Pflugfelder was interested in various hereditary diseases and believed that the biological processes of heredity could be particularly well studied among Grisons Yenish families due to their numerous kinship connections. He viewed the non-sedentary lifestyle as being influenced by both genetic heritage and environment, though he placed greater emphasis on heredity. In his assessments, Pflugfelder equated Yenish ancestry, particularly non-sedentary behavior, with illness, often describing it using stigmatizing terms related to mental or moral deficiency. His theories aligned with eugenics movements of the time.

In his expert opinions, Pflugfelder frequently recommended guardianship, prevention of marriage, or sterilization as eugenic measures, typically targeting young, uneducated women. The remaining 460 family files have not yet been systematically researched.

== Public criticism and controversy ==
In 1988, Grisons journalist Hans Caprez drew public attention to the existence of the Waldhaus Clinic's genealogical archives in an article titled "Das grenzt an Rassismus" (This borders on racism) published in the Schweizerischer Beobachter. Together with Yenish writer Mariella Mehr, he criticized the clinic for systematically collecting information on Yenish families and demanded the destruction of the genealogical archives.

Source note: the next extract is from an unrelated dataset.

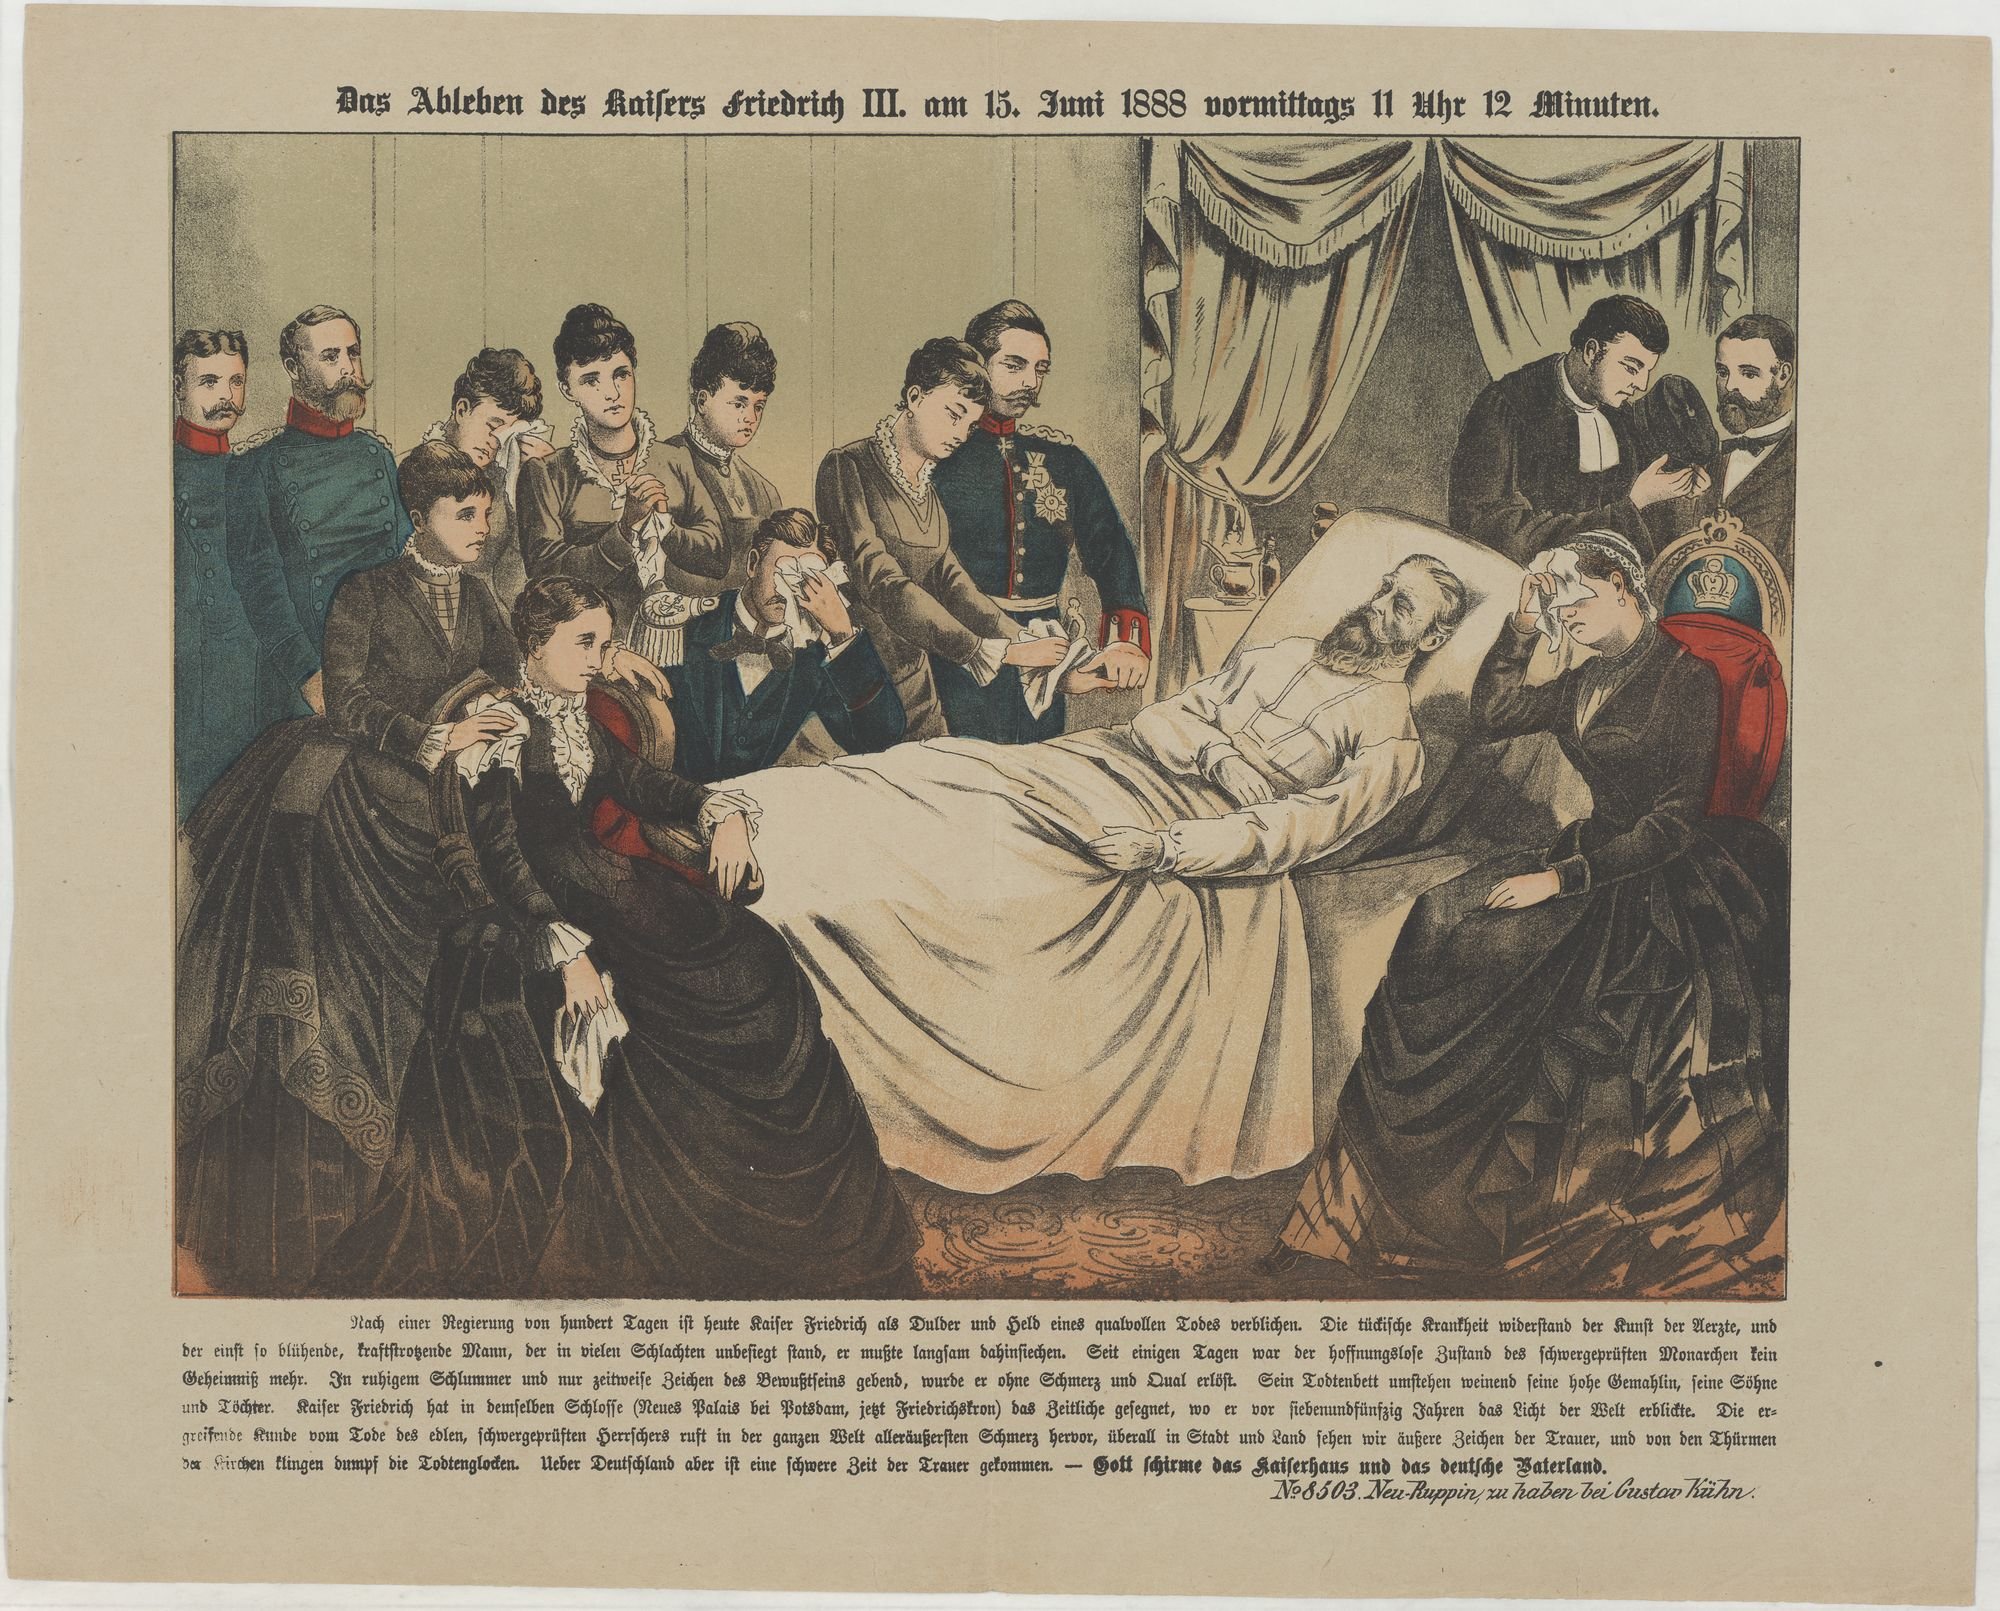 Das Ableben des Kaisers Friedrich III. am 15. Juni 1888 vormittags 11 Uhr 12 Minuten. (Kulturstiftung Sachsen-Anhalt Public Domain Mark)

In response to these criticisms, after conducting a summary review of their contents, the Grisons government concluded that the archives only partially concerned the Yenish people, as they also contained numerous files on families not belonging to these groups. Benedikt Fontana, who had succeeded Pflugfelder in 1977, was then director of the clinic. He had authored a thesis in the 1960s based on Siegfried's ward files preserved in the archives, continuing a decades-long tradition of Yenish "studies" at the Waldhaus Clinic.

Following the public controversy, the archives were transferred to the Grisons State Archives in the early 1990s, where they remain under restricted access due to their sensitive nature and the privacy concerns surrounding the documented individuals and families.

== Bibliography ==

- Pflugfelder, Gottlob: "Das Vagantenwesen", in: Terra Grischuna, 20/1, 1961, pp. 29–30.
- Galle, Sara: "Bündner 'Vagantenfamilien' im Fokus der Pro Juventute. Die Zusammenarbeit der privaten Stiftung mit den Behörden und der psychiatrischen Klinik Waldhaus", in: Institut für Kulturforschung Graubünden (ed.): Puur und Kessler. Sesshafte und Fahrende in Graubünden, 2008, pp. 170–218.
- Aliesch, Carmen: "Das Waldhaus, die Eugenik und die Jenischen im 20. Jahrhundert: Eine Untersuchung des sogenannten 'Sippenarchivs' der Psychiatrischen Klinik Waldhaus", in: Jahrbuch Historische Gesellschaft Graubünden, 147, 2017, pp. 101–144.
- Gusset, Silas; Seglias, Loretta; Lengwiler, Martin: Versorgen, behandeln, pflegen. Geschichte der Psychiatrie in Graubünden, 2021.